■ **RECORDED INFORMATION**:
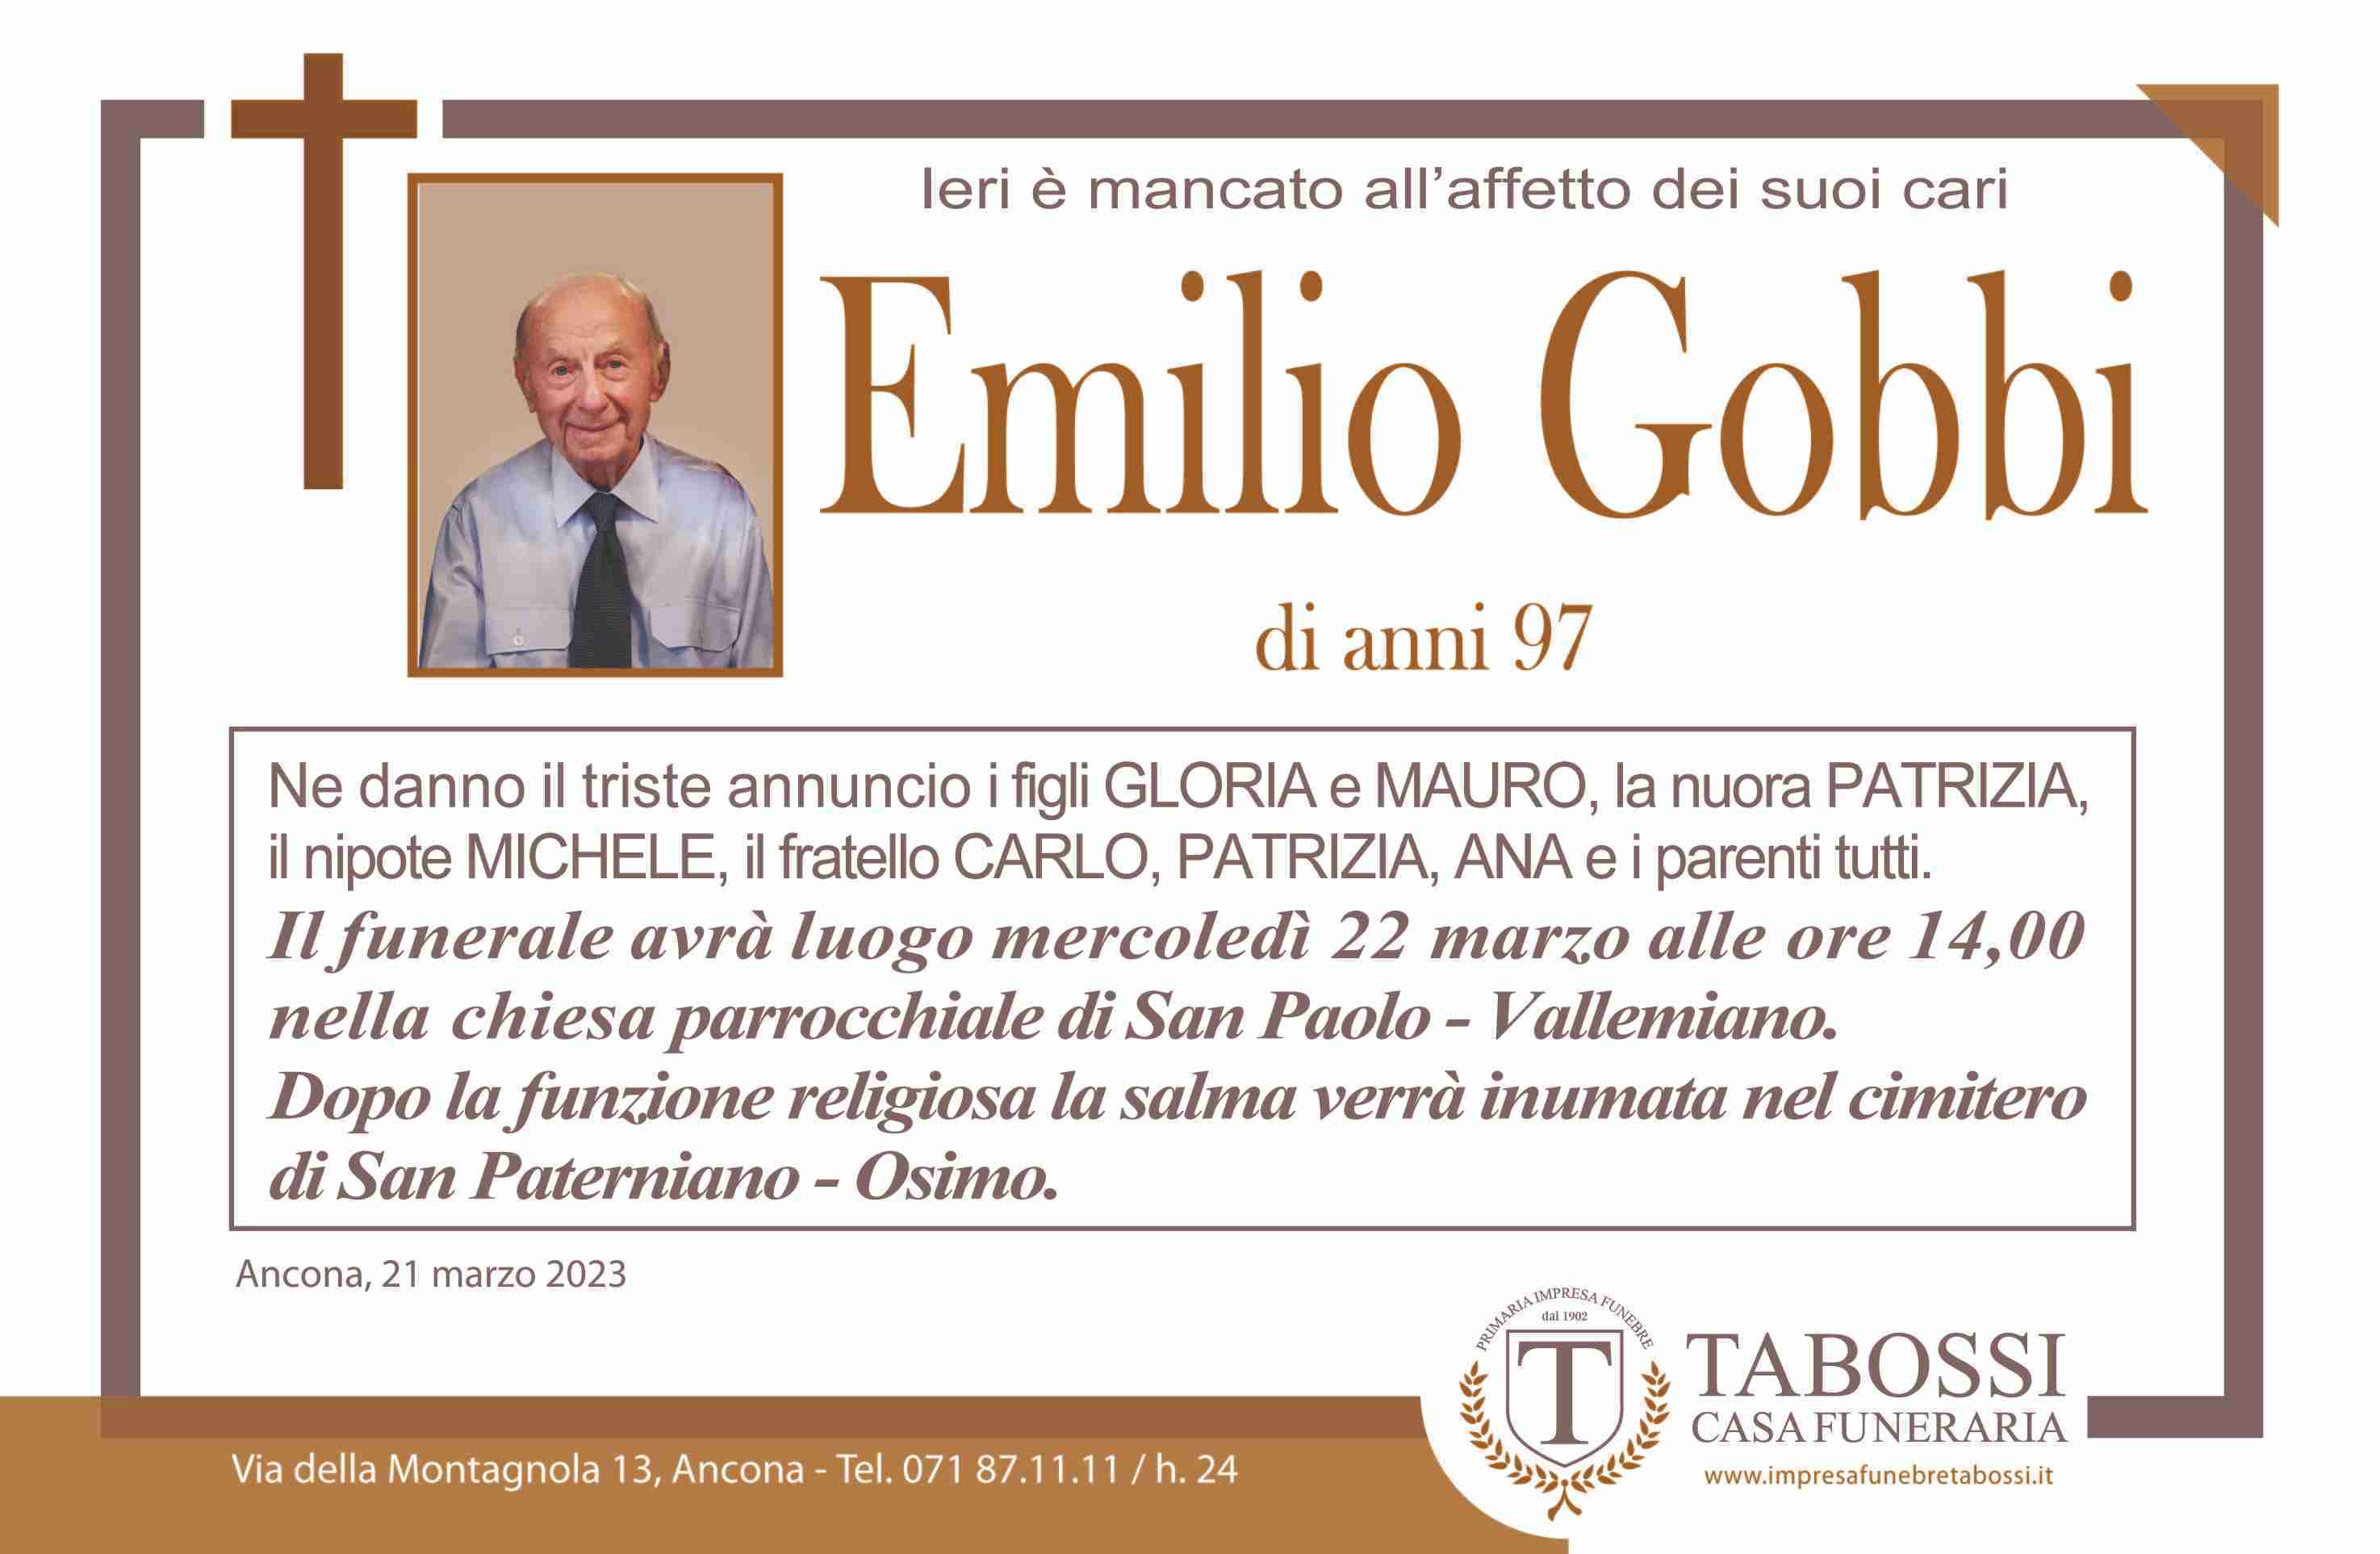 Emilio Gobbi
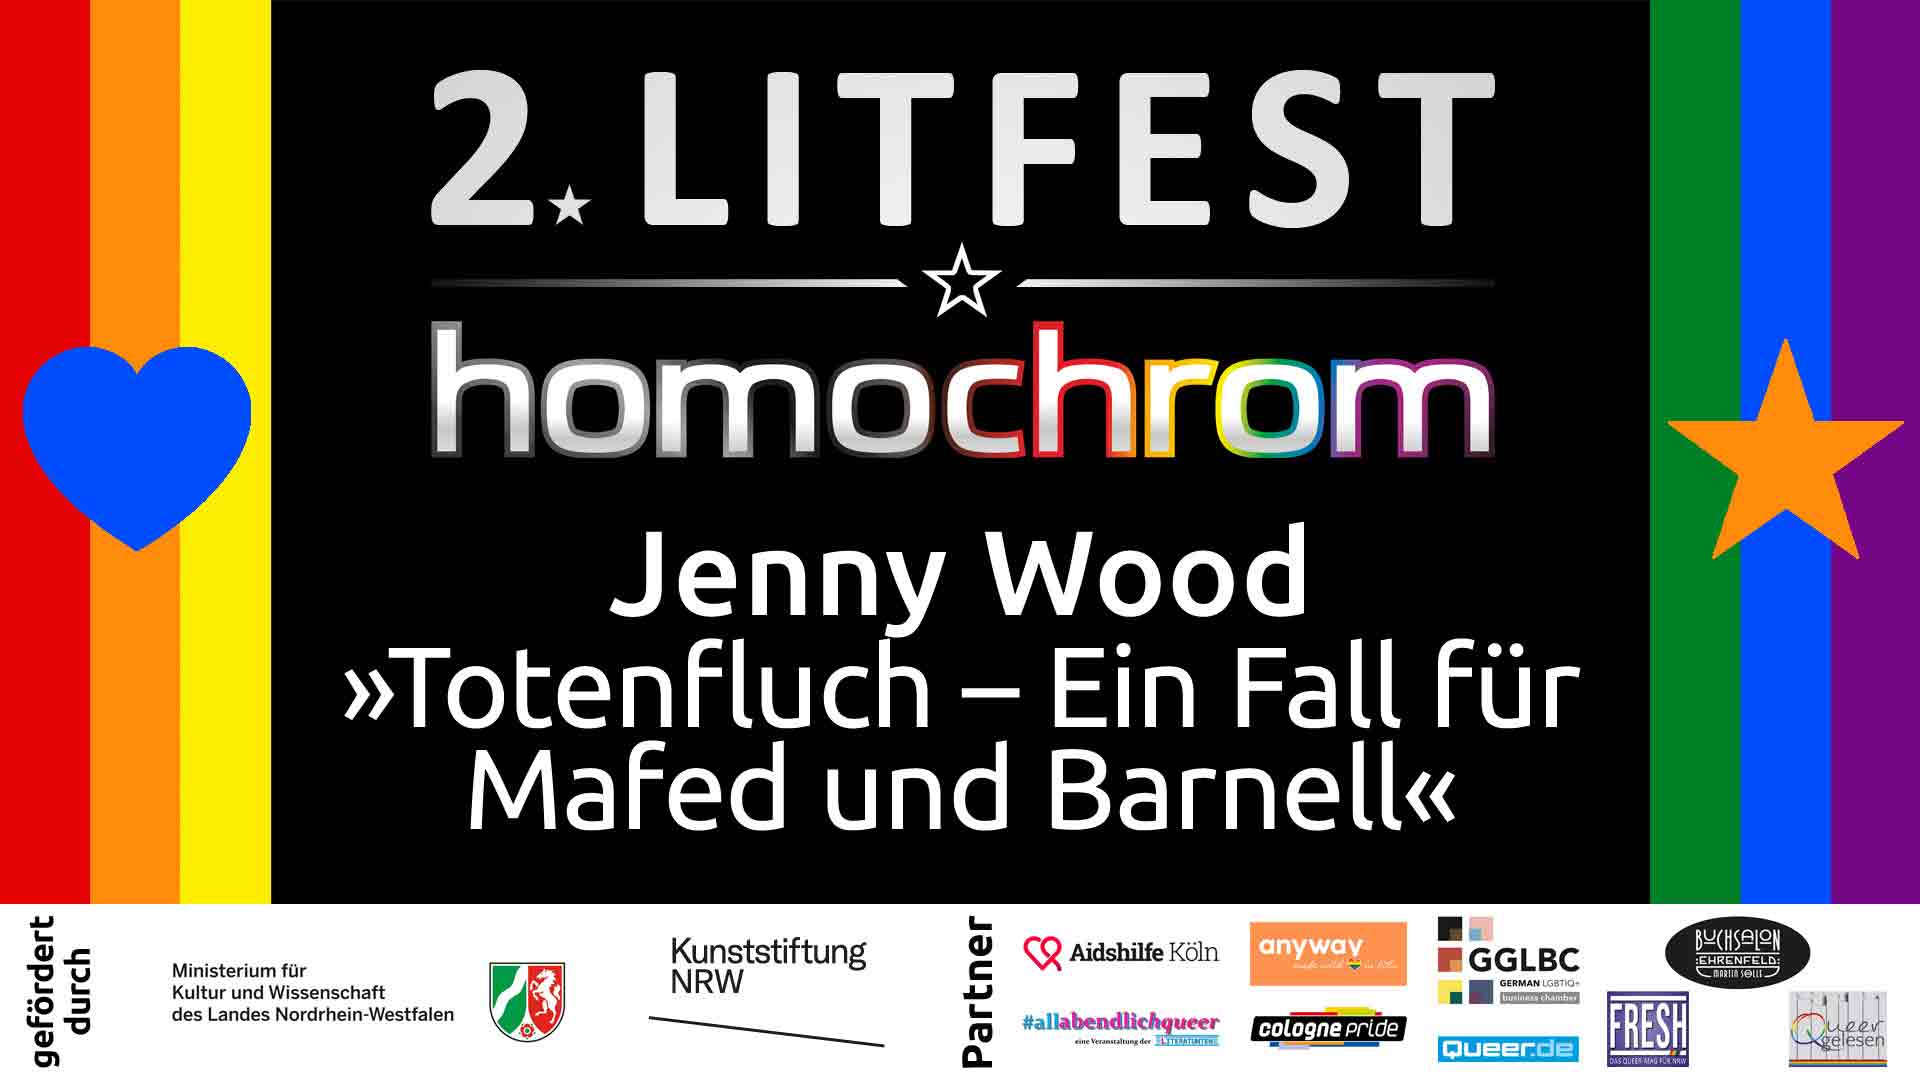 Youtube Video, Jenny Wood, 2. Litfest homochrom
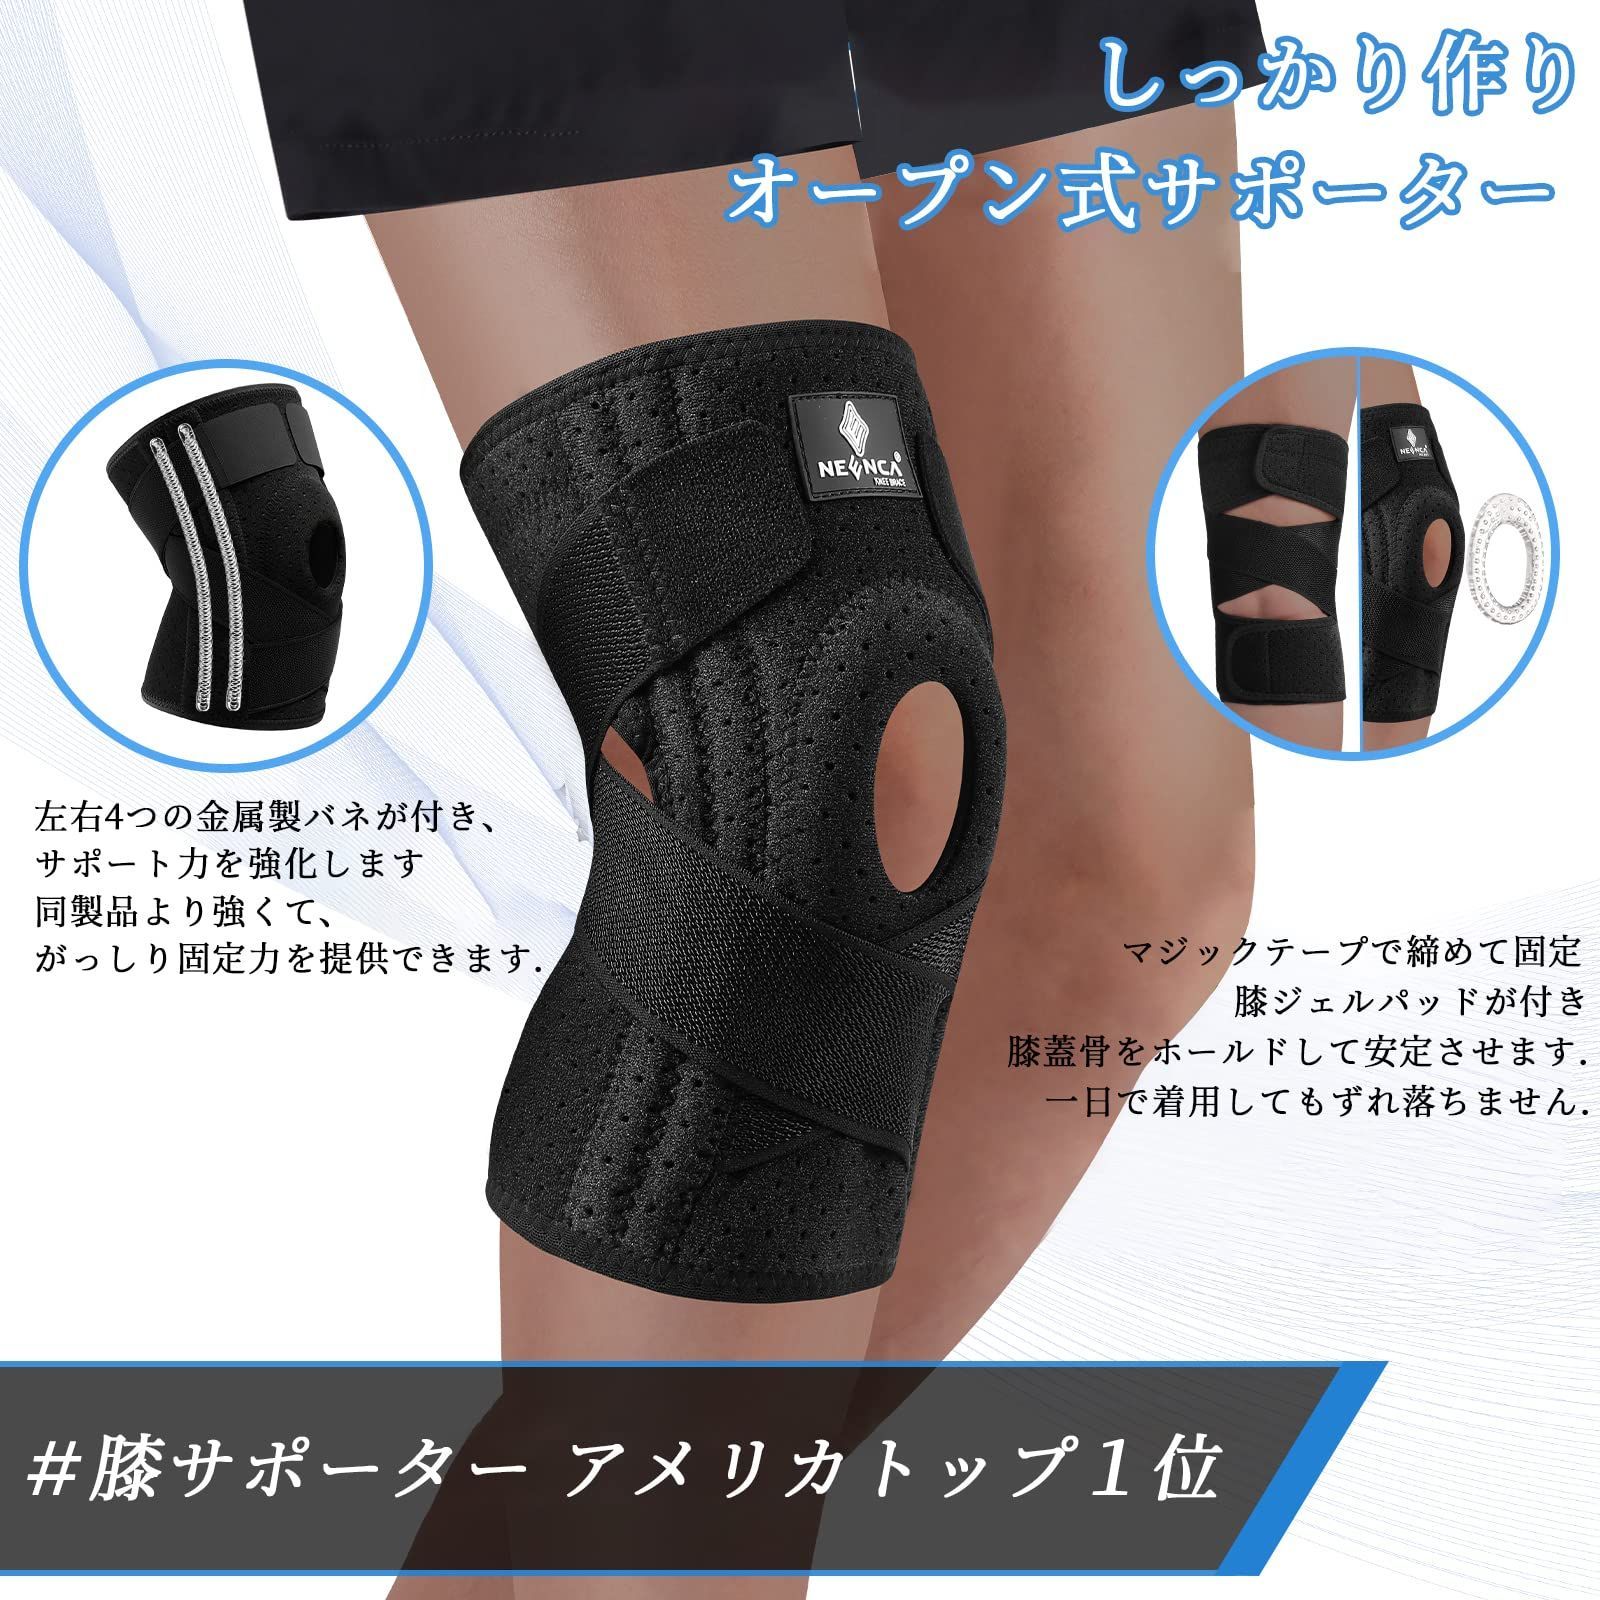 NEENCA 膝サポーター 1枚 銅繊維 スポーツ用 膝安定 通気性 サイズ S

■ **WORK INSTRUCTIONS**:
Exactly as written, restate the listing above with its pictures omitted.

■ **ANSWER FOR THE TASK**:
 Emilio Gobbi
 Youtube Video, Jenny Wood, 2. Litfest homochrom
 NEENCA 膝サポーター 1枚 銅繊維 スポーツ用 膝安定 通気性 サイズ S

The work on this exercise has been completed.